Farrance, the Pastry Cook, lives at the corner of Spring Garden, or rather his numerous friends may be said to live there; for so much does he attend to the gratification of their appetites, that he seldom has time to think of his own. In point of magnitude, and of the excellence and cheapness of its articles, this long celebrated shop has no superior, perhaps, in the world. Here are exquisite soups, highly flavored tarts, savory patties, and delicious pastry and confitures. Fruits and ices throughout the whole extent of their season, good and in great variety. Need we say that in this temple Pomona and Ceres hold daily a levee of beauty of fashion; and that you may observe at all hours in the forenoon a whole nidus of little Cupids and Psyches feasting in terrene nectar and ambrosia. In plainer terms, ladies generally regale their younger friends and relatives here with the incomparable bon-bons of Monsieur Farrance. [Near the north-east corner of St. James’s Park for purposes of plot.]
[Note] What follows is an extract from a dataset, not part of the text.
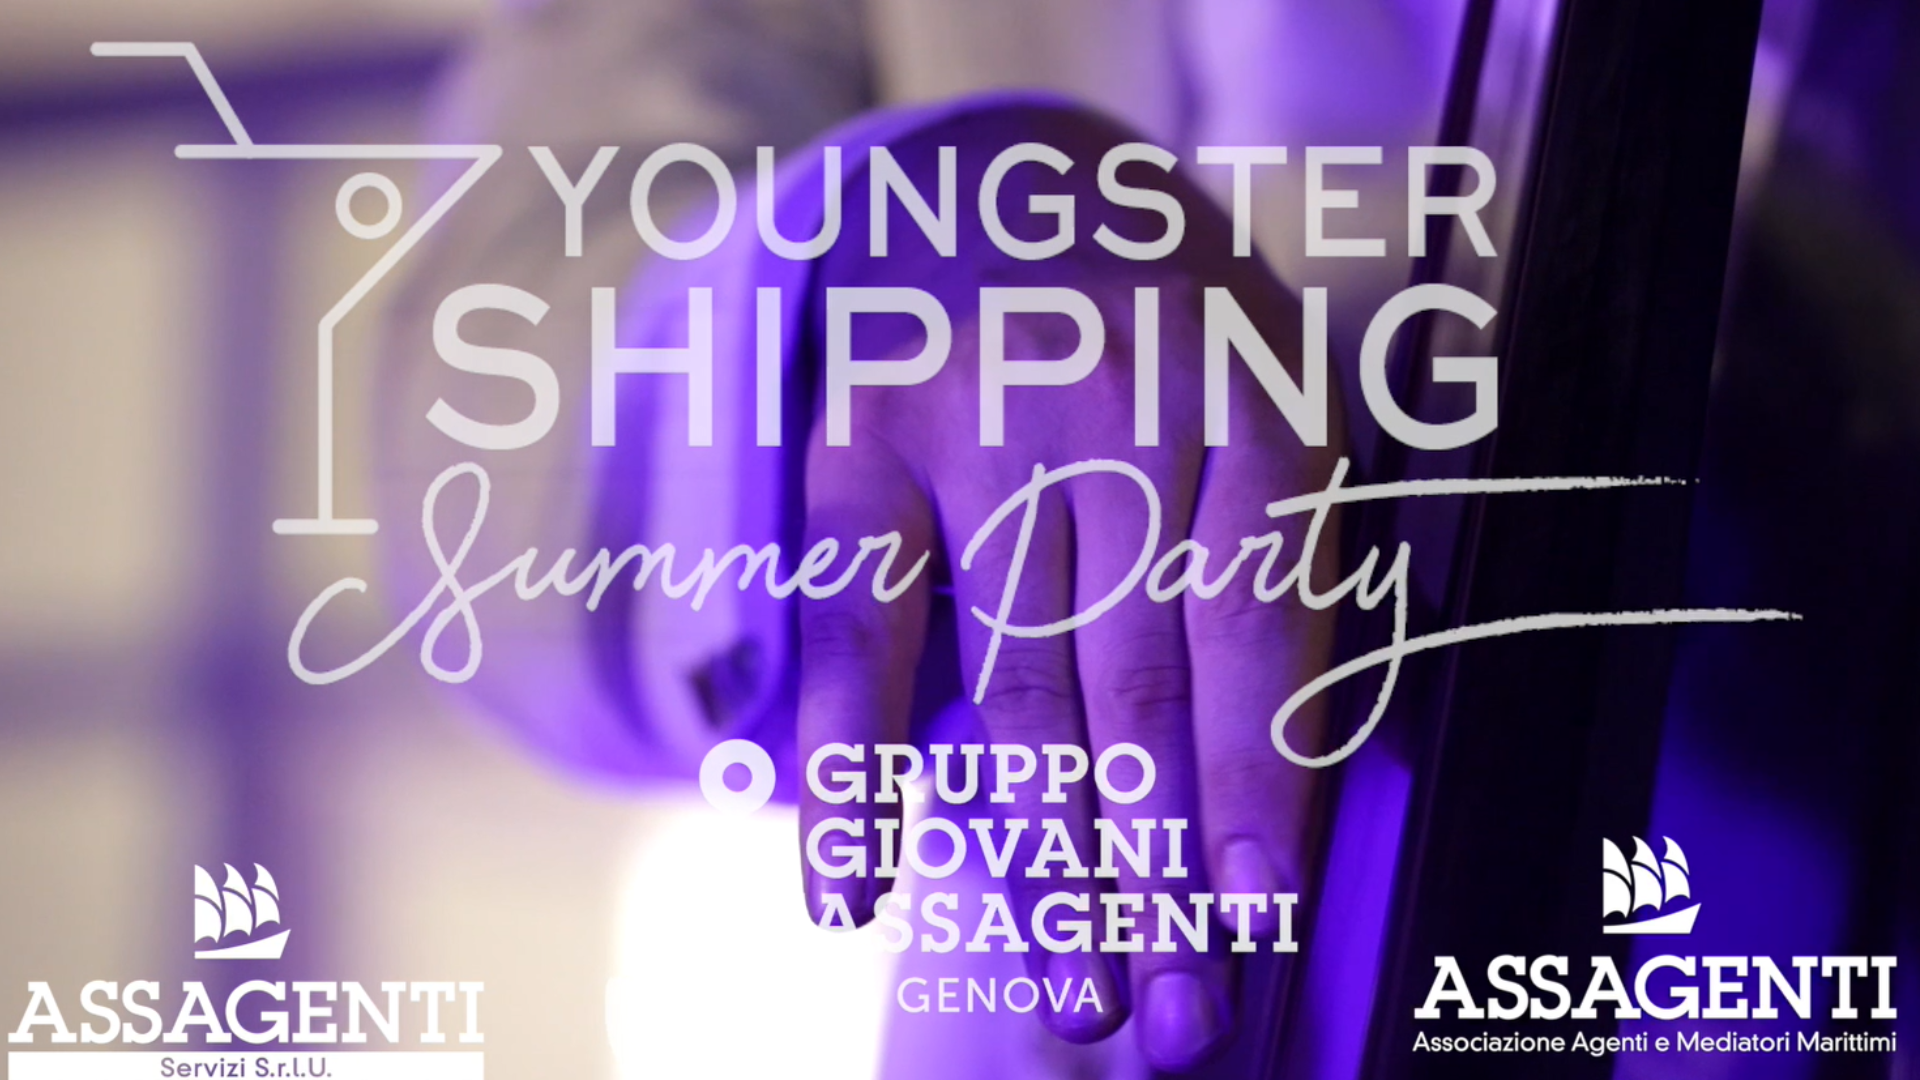 Youngster Shipping Summer Party: è online il video dell'evento!
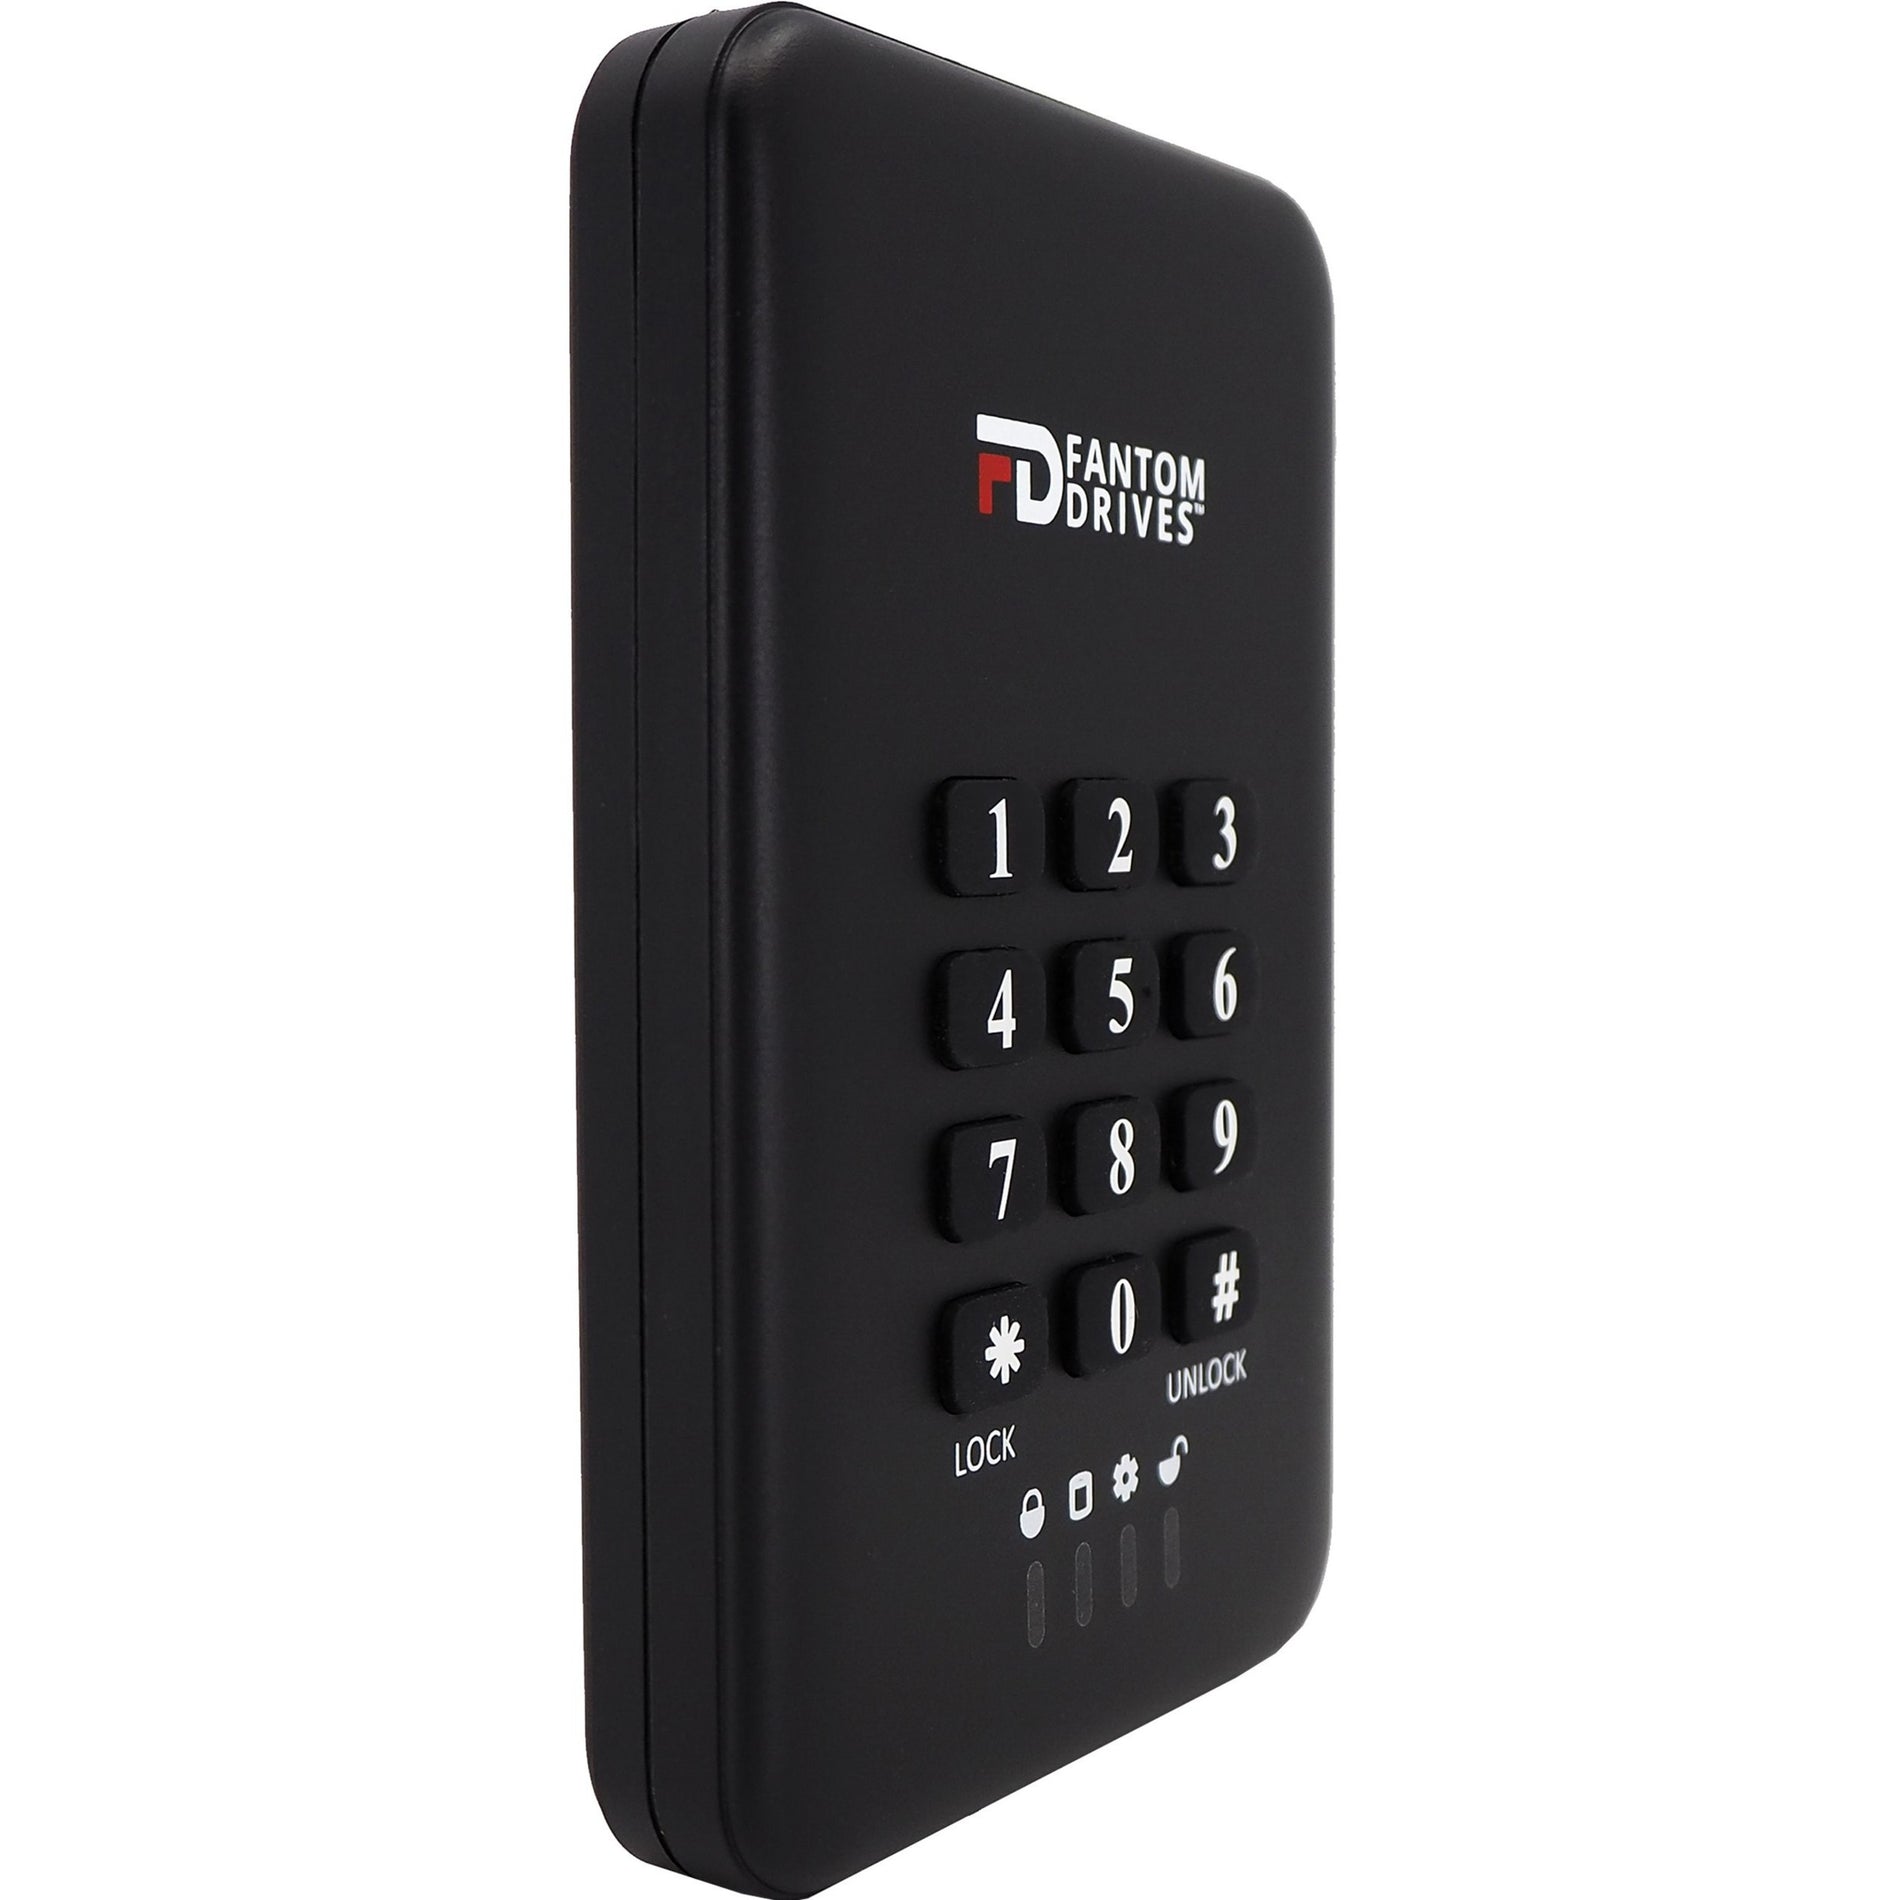 Fantom Drives DSS2000 Datashield 2TB Encrypted SSD, 256-Bit AES Hardware Encryption, Portable Solid State Drive

Owen and Bentley’s Fruit-shop, New Bond-Street

Opposite the Blenheim [87 New Bond Street], is Owen and Bentley’s Fruit-shop, at which are to be had all early produced fruits, exotic, as well as indigenous. You may also regale yourself and the ladies here, with jellies, ices, and liqueurs. It is actually a temple of Pomona. [Conveniently located between Cavendish Square and Hanover Square for purposes of plot.]

There are many other pastry shops mentioned (often with side note that they supplied venison of all things), but none of the other entries mentions women being entertained there. The Almanack does make it plain though that high-end pastry shops were acceptable places for women to congregate and that they were common enough in London (and in Bath per Jane Austen). Have any of you written one into your books or read one that you particularly remember? I know Heyer used Gunter’s frequently, and I used it in Ripe for Seduction under its earlier name, Negri’s Pot and Pine Apple.